So we now have a release date for SC2's expac, Heart of the Swarm.
However, unlike Blizzard release dates of years past, HotS* has been announced four months in advance, on March 12, 2013. The typical Blizz release announcement is 1-2 months in advance, so more than doubling that is more than a bit unusual.
I don't think I can read too much into the release date --unless it's not quite stable enough and Blizz is confident they'll make the release date if they push it out far enough-- but what is likely is that Blizz took Christmas and sports into consideration when announcing the release date. If HotS is ready for the traditional 2 month release date, a mid-January release date is too close to Christmas to attract attention from the casual player (who most likely got a stack of games for presents). Mid-February is possible, but there's a little holiday called Valentine's Day out there that might provide some competition.** Finally, mid-March is right in the middle of the men's and women's college basketball tournament, March Madness, and right after the NFL season concludes.

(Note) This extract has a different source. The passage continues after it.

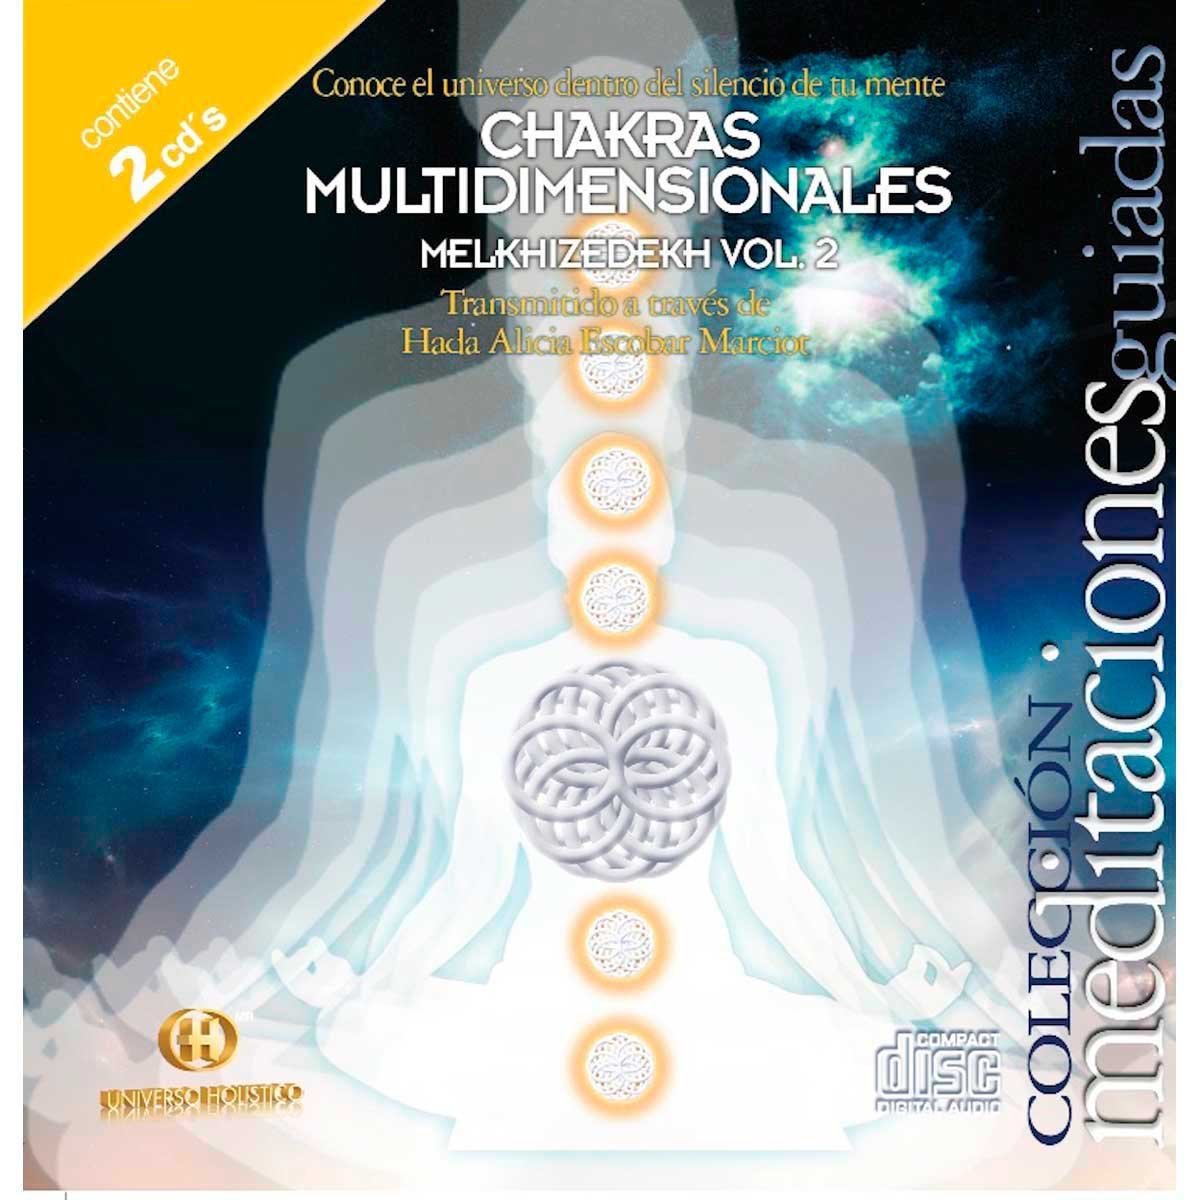 2 Cds Chakras Multidimensionales Melkhizedekh Vol.2

Okay, what's the big deal about sports, right? Well....
I've noticed the past several Blizz releases are promoted heavily on U.S. sports broadcasts. Cata, Mists, D3, and SC2 have all been promoted heavily on ESPN, FOX Sports, and regular network sports broadcasts. Blizz would be crazy to not try to capitalize on the sporting events over January through March. I've been seeing ads for Assassin's Creed III on baseball, the Olympics, and (American) football since the summer, and believe me, Blizz took notice. They want that gamer demographic that sports broadcasts provides.
Which also begs the question: why didn't other MMO game companies, such as Funcom, Bioware, or ArenaNet, go for the same advertising target as heavily? Given the discussions in Gen Chat during the Olympics, you'd think that the sports viewer is a large part of the audience for TOR, Star Wars or no Star Wars. And The Secret World would be perfect for that subset as well, particularly given all of the crime dramas that the CBS network promotes on their sports broadcasts. It seems that these companies (as well as Turbine) relied more upon social media rather than going out and promoting their game in the same manner that Blizz does. Social media is great, but it has to be one part of a more comprehensive advertising plan.
Well, here's to the next several months, and seeing a lot of Sarah Kerrigan on the small screen!
*Hots. Yeah, that'll work for an acronym.
**I can see the YouTube video now: going out with your S.O. on Valentine's Day, or playing a video game? You decide!